Mi ha colto di sorpresa il risultato elettorale, con l’affermazione del NO, soprattutto perché generalizzato in tutte le regioni, anche se accentuato in Meridione e fra i giovani. Io credevo che il popolo anziano televisivo, propenso al sì dopo settimane di Renzi in ogni dove e in ogni come, sarebbe bastato a fare pendere il piatto della bilancia e in effetti i sondaggisti hanno visto il SI crescere con l’età. Ma Internet, schierato con il NO, è stato più forte e non sono servite misure come i 500 euro per la cultura, la chiusura del contratto del settore pubblico e gli altri interventi decisi nelle ultime settimane; anche nelle elezioni comunali le strade asfaltate portano voti, ma non l’ultimo trimestre nel quale risultano una misura elettorale.

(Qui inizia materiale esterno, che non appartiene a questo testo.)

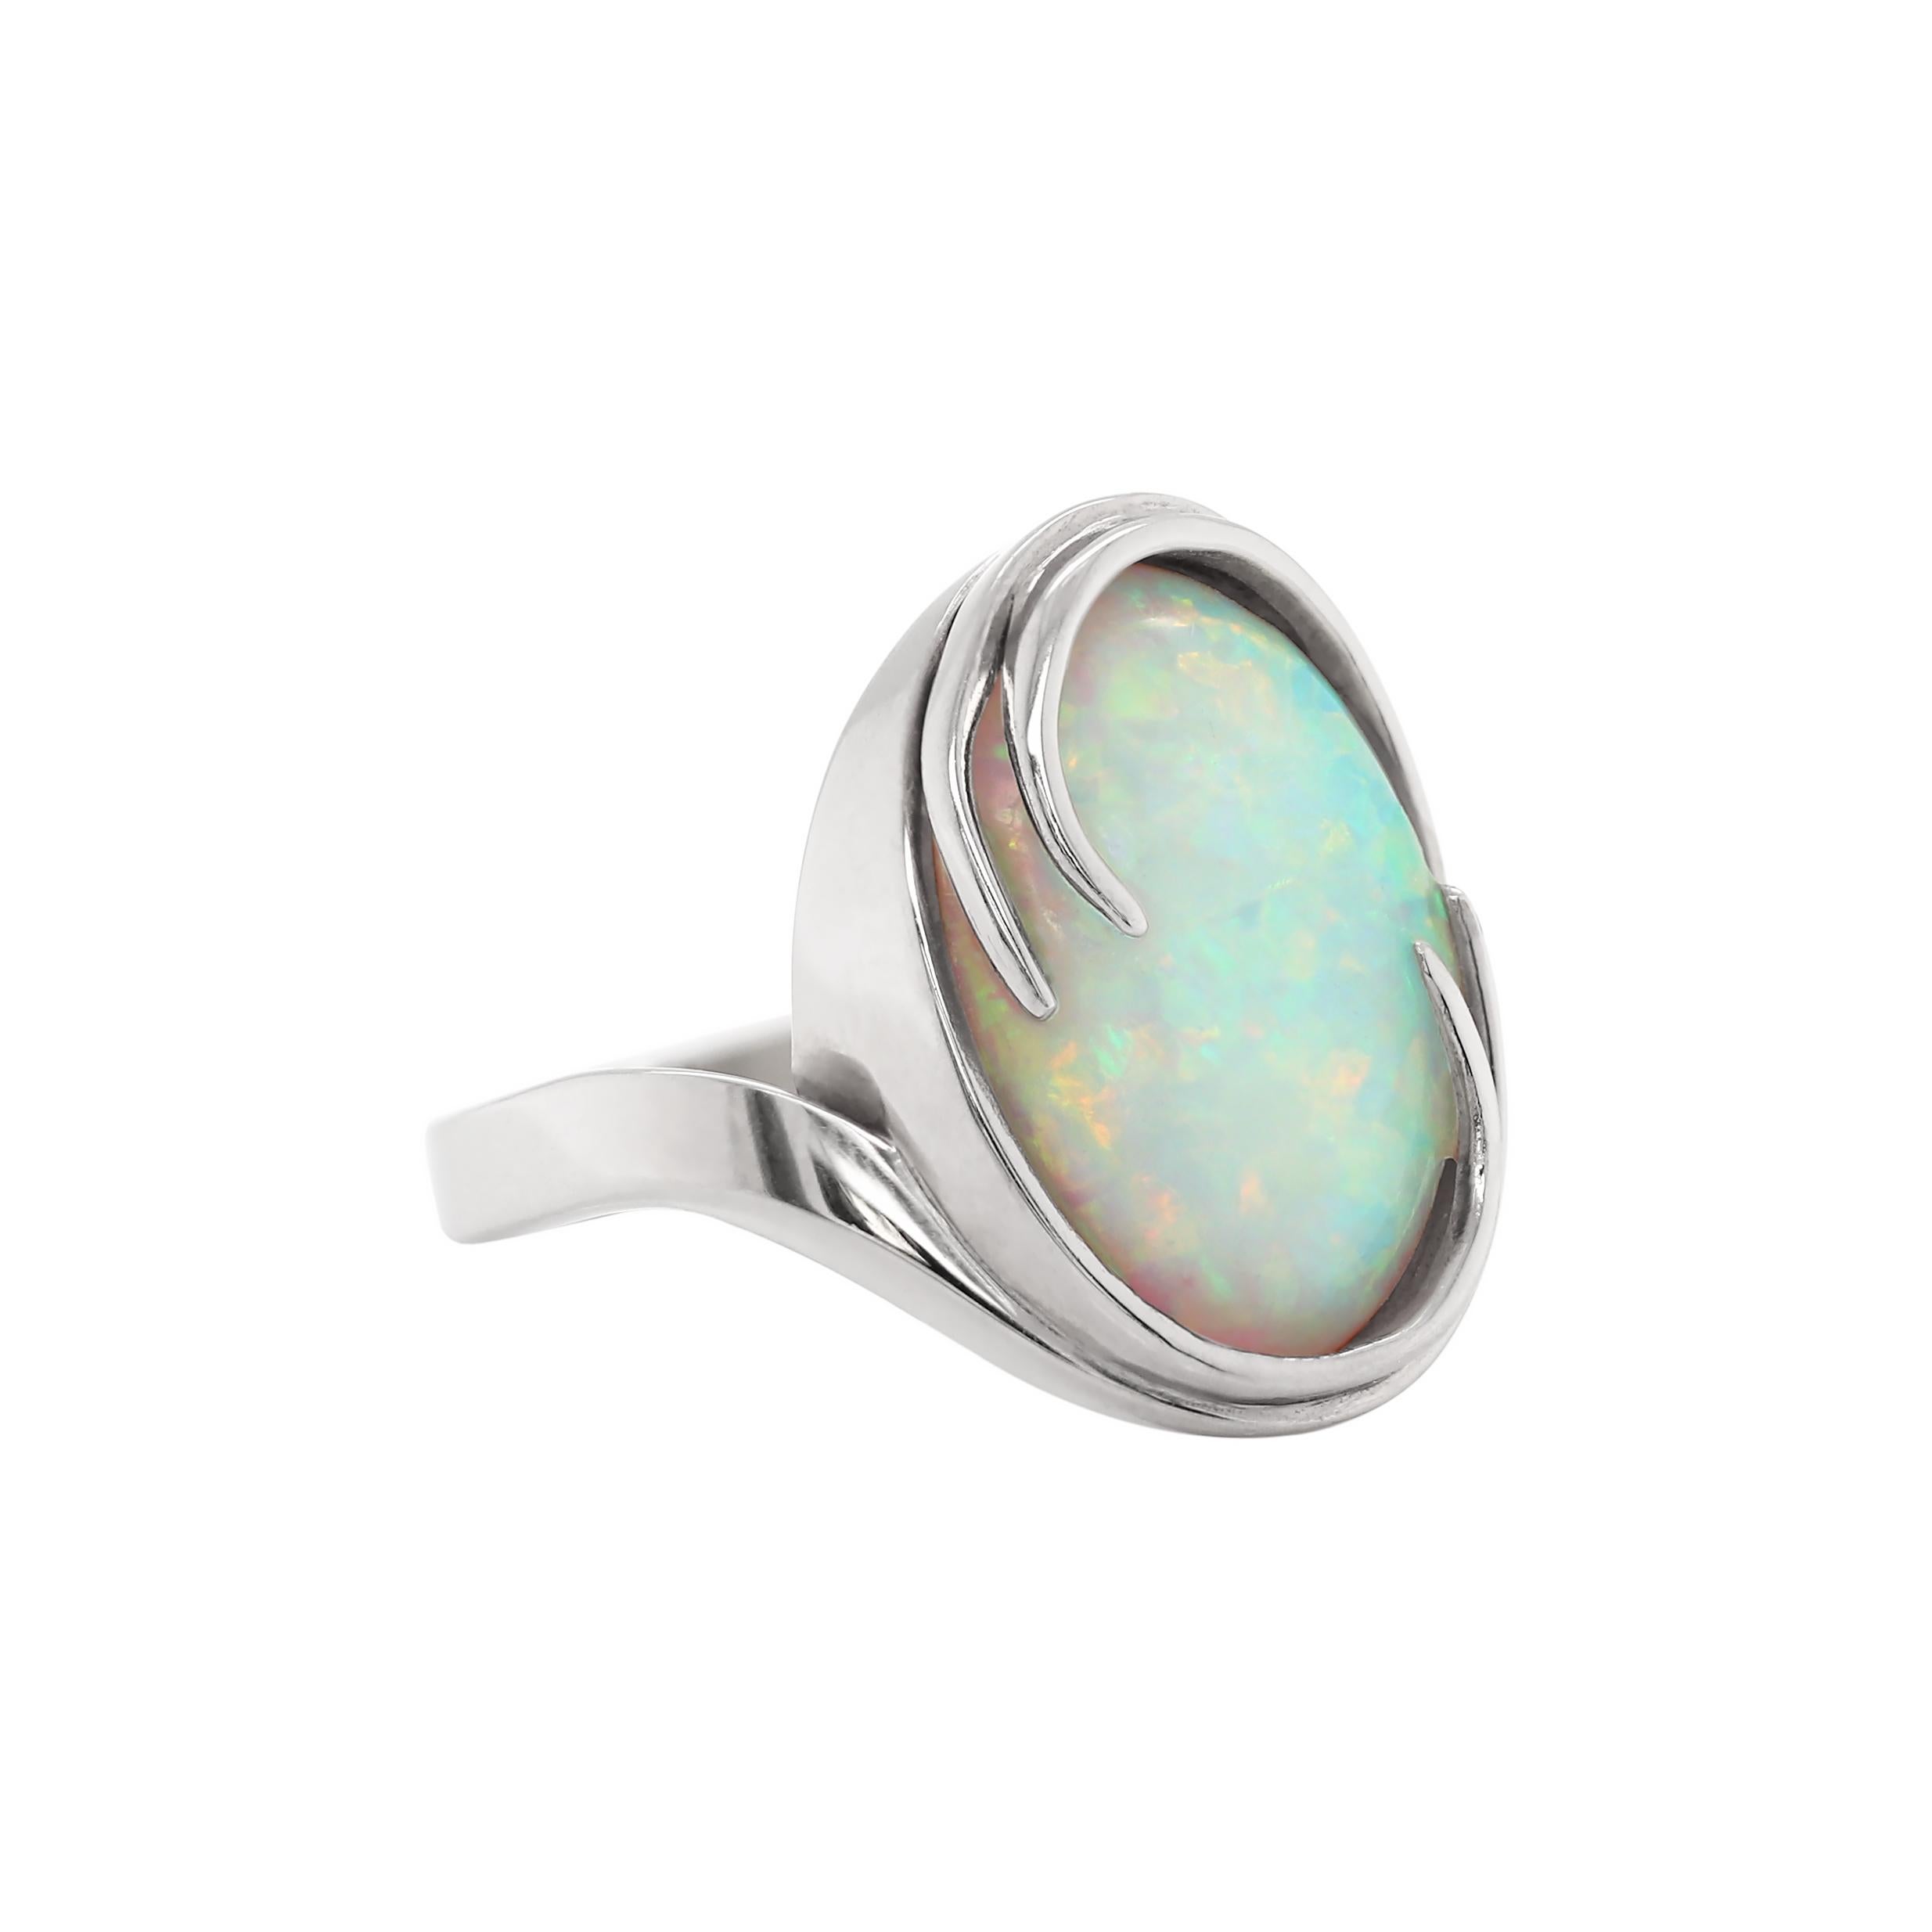 This beautifully modern handmade ring features a lustrous oval cabochon opal weighing an estimated 5.68ct mounted in an 18 carat white gold rubover, open back setting. UK finger size 'N'.

La larghissima partecipazione conferma come non sia stato un voto sul merito della riforma, i cui contenuti restano incomprensibili alla maggior parte degli Italiani, ma un voto sul Governo Renzi ed è una bocciatura tale da costringere il premier a recarsi al colle per presentare le doverose dimissioni. Il presidente Mattarella dovrebbe accoglierle e pretendere un immediato ricorso alle urne, ma nel sommo caos italiano di riforme a metà, tornarci con l’attuale legge elettorale è una pazzia e in più  c’è da rendere esecutiva la legge di stabilità per il 2017. Si andrà cioè verso qualche forma di gestione provvisoria,  la soluzione menopeggio ma con orizzonti non oltre il proprio naso e quotidiani ricatti.

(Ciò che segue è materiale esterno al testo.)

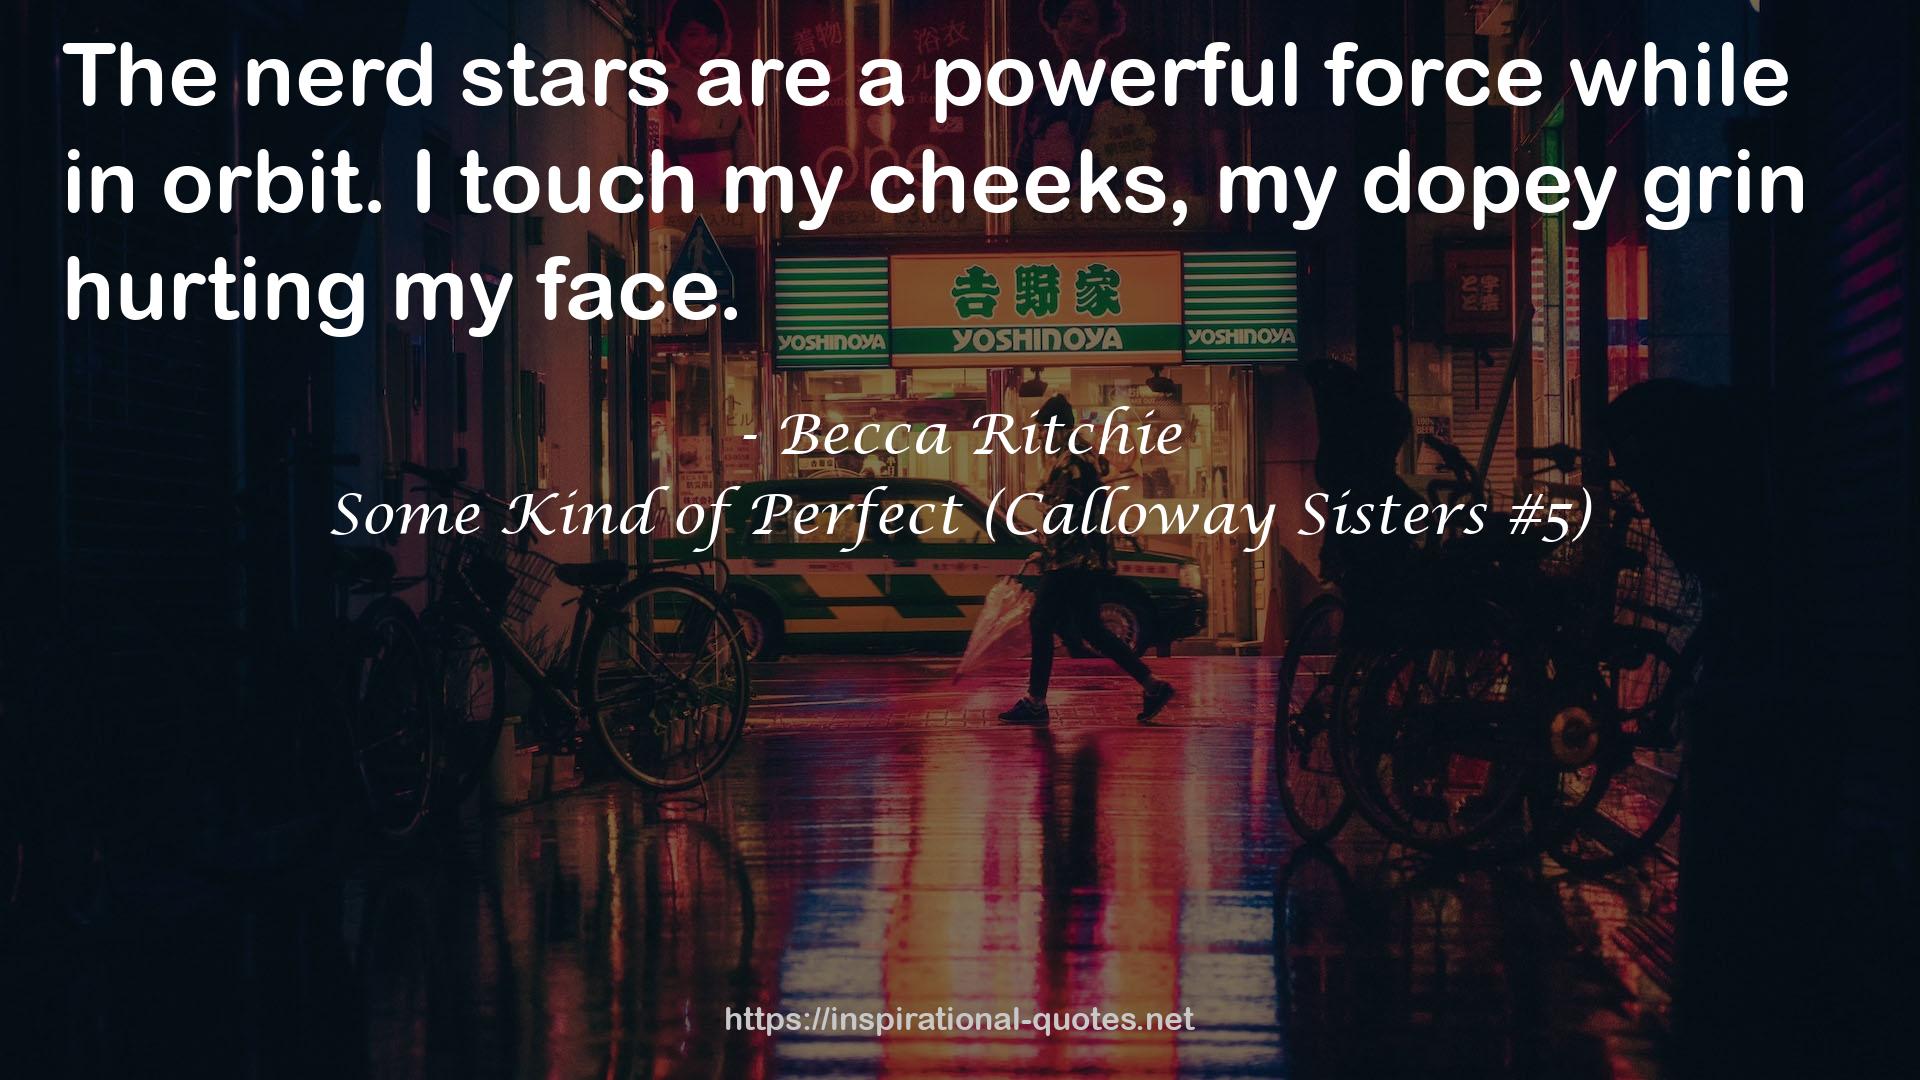 Some Kind of Perfect (Calloway Sisters #5) QUOTES

Più che la riforma elettorale, hanno pesato nel giudizio degli Italiani l’incapacità di regolare e gestire i migranti; la mancanza di lavoro, di prospettive e la possibilità di farsi una famiglia per i giovani; l’insopportabilità della politica parlata, anzi urlata, che non sa ripulirsi dei suoi eccessi e risulta un mondo a se stante, lontano dai bisogni della gente; la corruzione, i favoritismi, i soldi spesi male, la burocrazia.  Il NO è un voto contro l’insicurezza del presente e del futuro a cui siamo costretti. Ancora una volta la classe politica non ha capito che delegittimare l’avversario delegittima tutti.

Le riforme non si possono più fare? Perché no? Sull’abolizione del Cnel e soprattutto sull’abolizione del Senato esiste una maggioranza forte; sono contrari, forse, soltanto i senatori. Si può ripartire da lì e si potrebbe fare anche in fretta, ma tocchiamo il centro della questione: la serietà, l’onestà intellettuale e lo spirito della nostra classe politica. Ognuno cercherà di sfruttare la vittoria del NO a vantaggio del proprio gruppo e il Pd è in questo senso emblematico; ovviamente sono già stati chiesti il congresso e l’elezione di un nuovo segretario, ma pure con la vittoria del SI si sarebbe andati verso una resa dei conti, a rapporti di forza invertiti. Alla fine l’unico partito a uscirne con le ossa rotta è proprio il Pd; i suoi alleati del SI invece non pagheranno dazio e risulteranno ancora più indispensabili.